- **Required action**:
Each line of the data below from the one holding "In mei 2019" to the one holding "DMN Modeler Enterprise 2.0", inclusive, is to be reproduced exactly; no other line belongs in the answer.

- **Material shown**:
*** Begin section ***

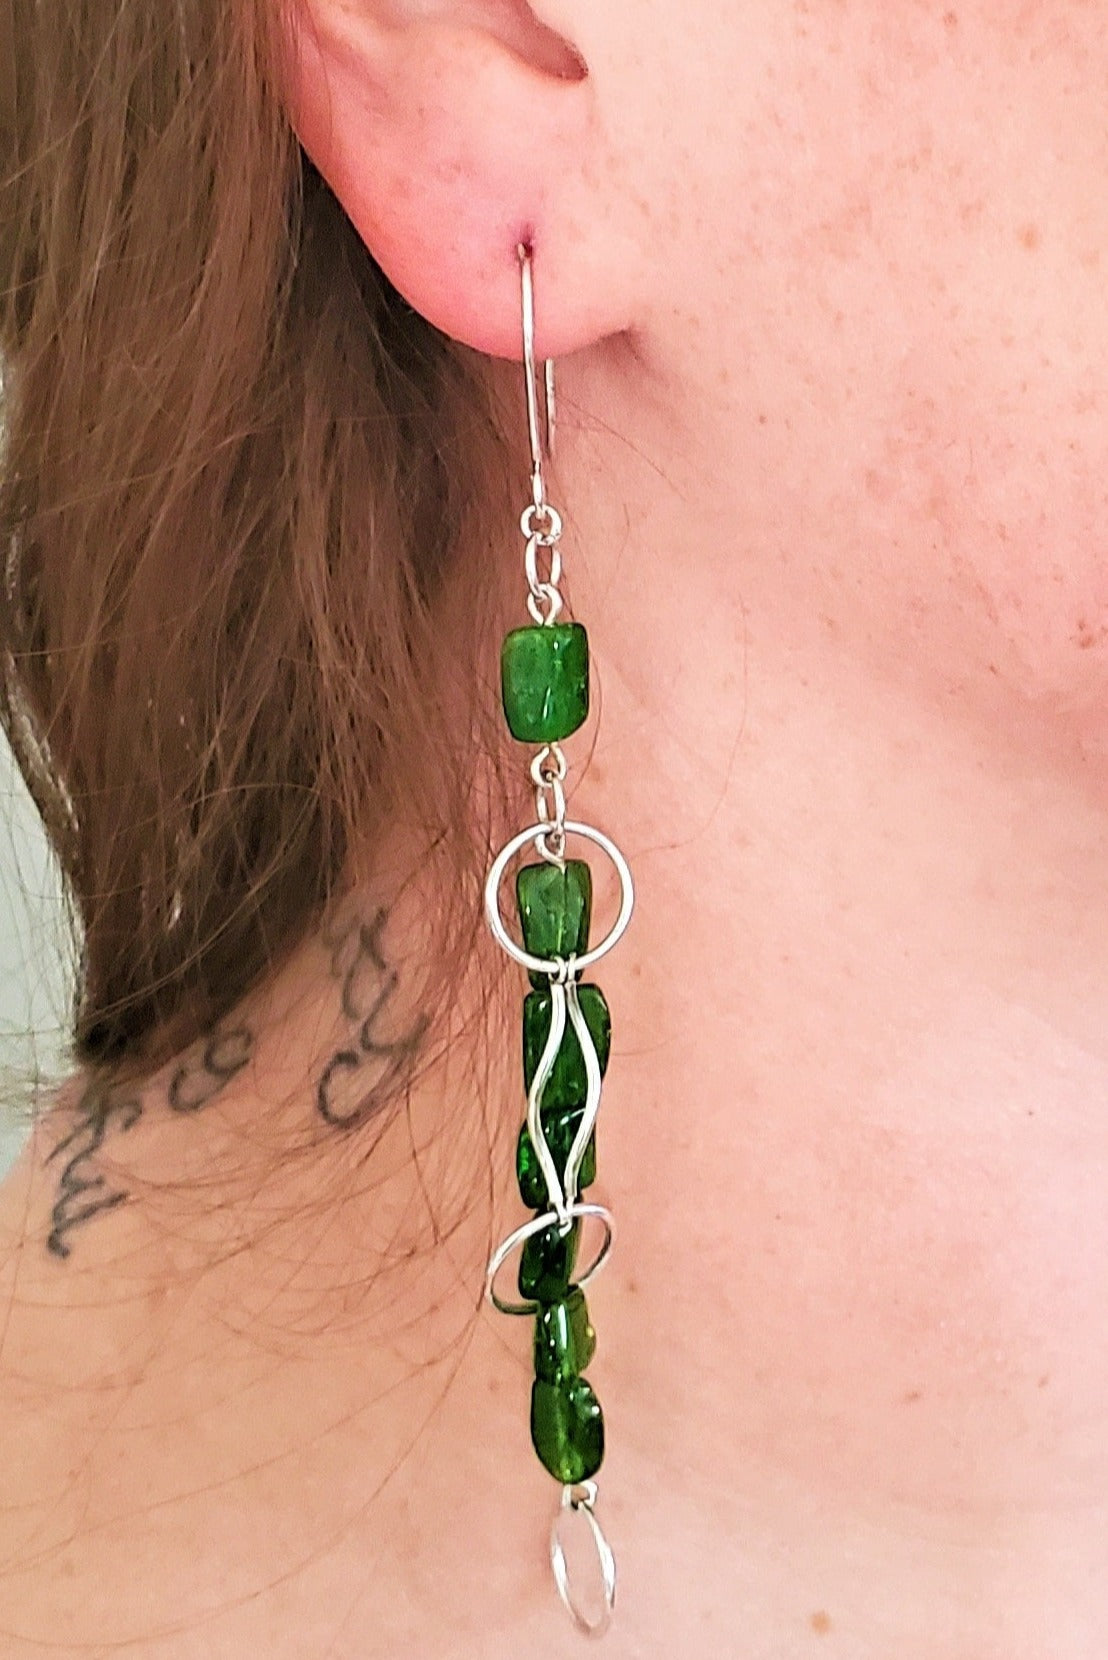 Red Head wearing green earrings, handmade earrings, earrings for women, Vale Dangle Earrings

*** End section ***
*** Begin section ***

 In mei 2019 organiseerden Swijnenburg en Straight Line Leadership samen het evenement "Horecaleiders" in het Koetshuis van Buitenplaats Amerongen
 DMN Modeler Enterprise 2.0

*** End section ***
*** Begin section ***

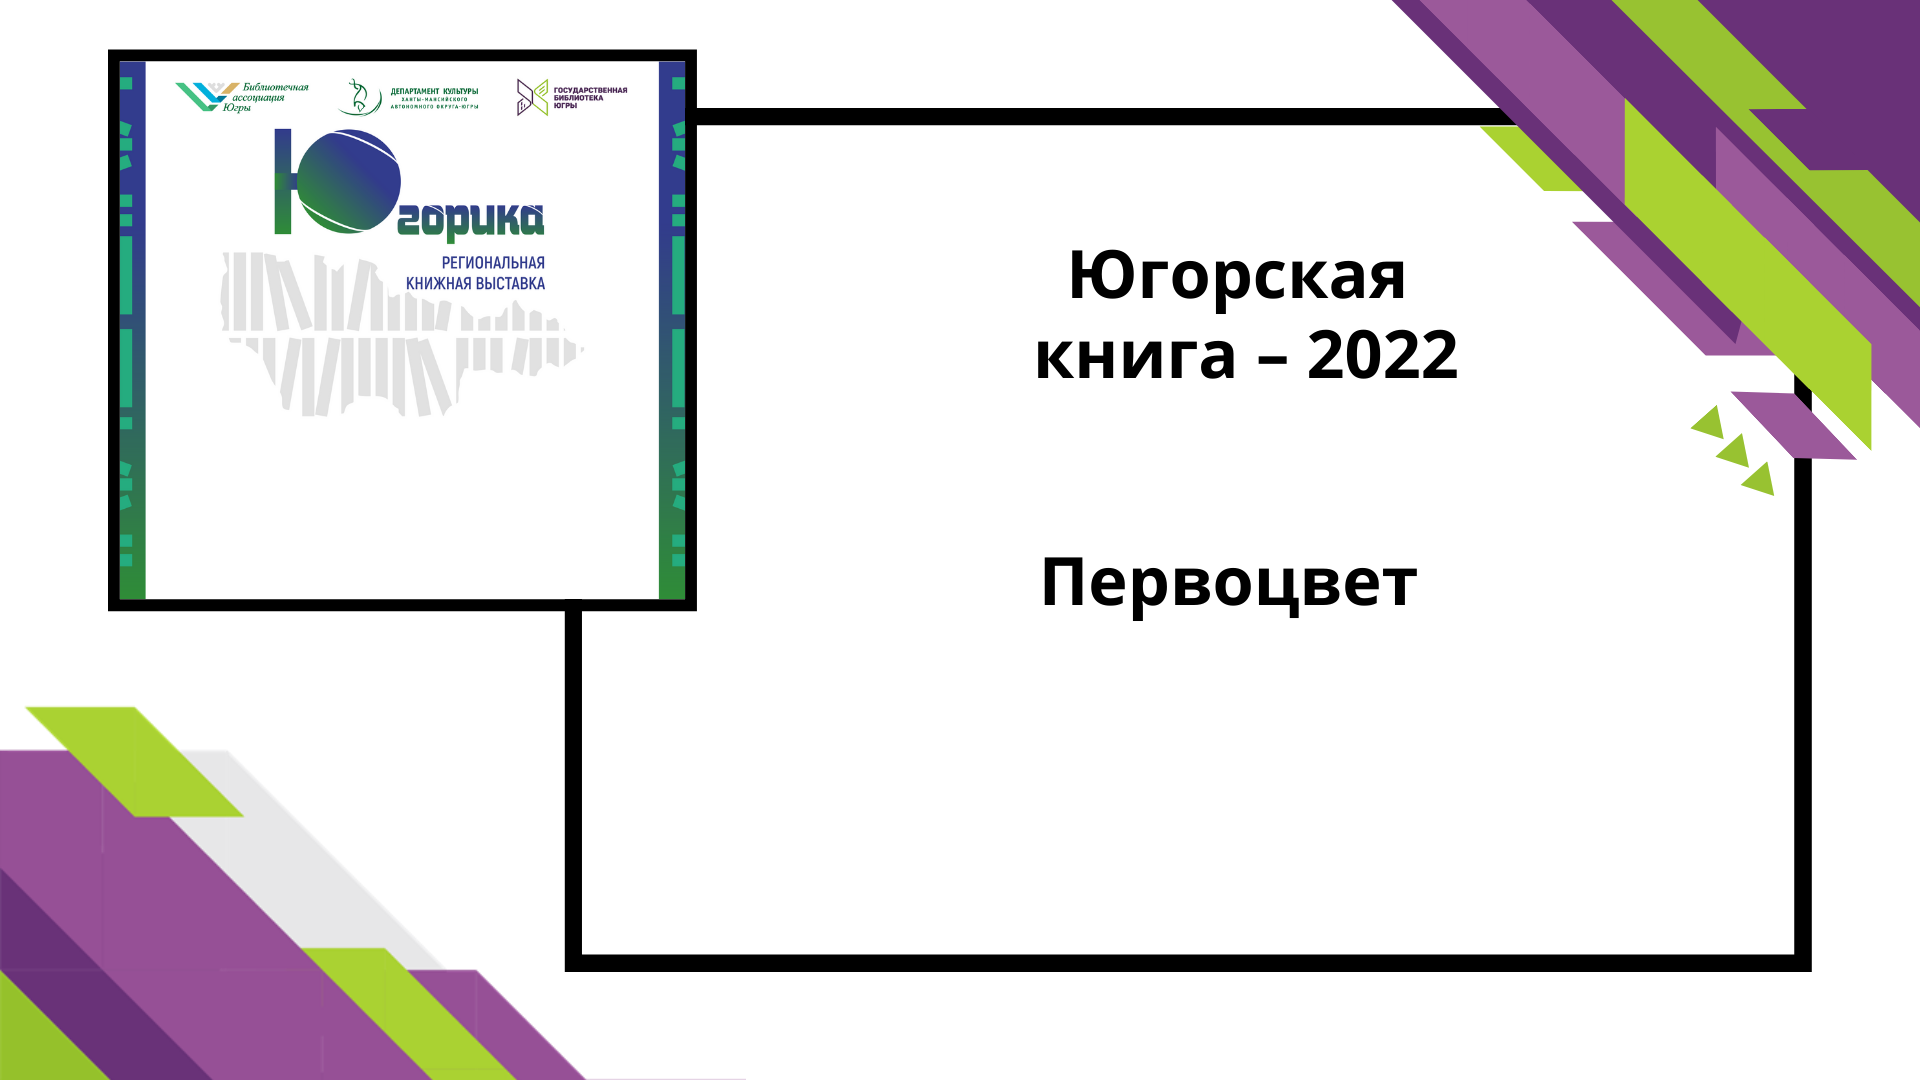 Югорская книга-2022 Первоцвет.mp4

*** End section ***

- **Answer box**:
 In mei 2019 organiseerden Swijnenburg en Straight Line Leadership samen het evenement "Horecaleiders" in het Koetshuis van Buitenplaats Amerongen
 DMN Modeler Enterprise 2.0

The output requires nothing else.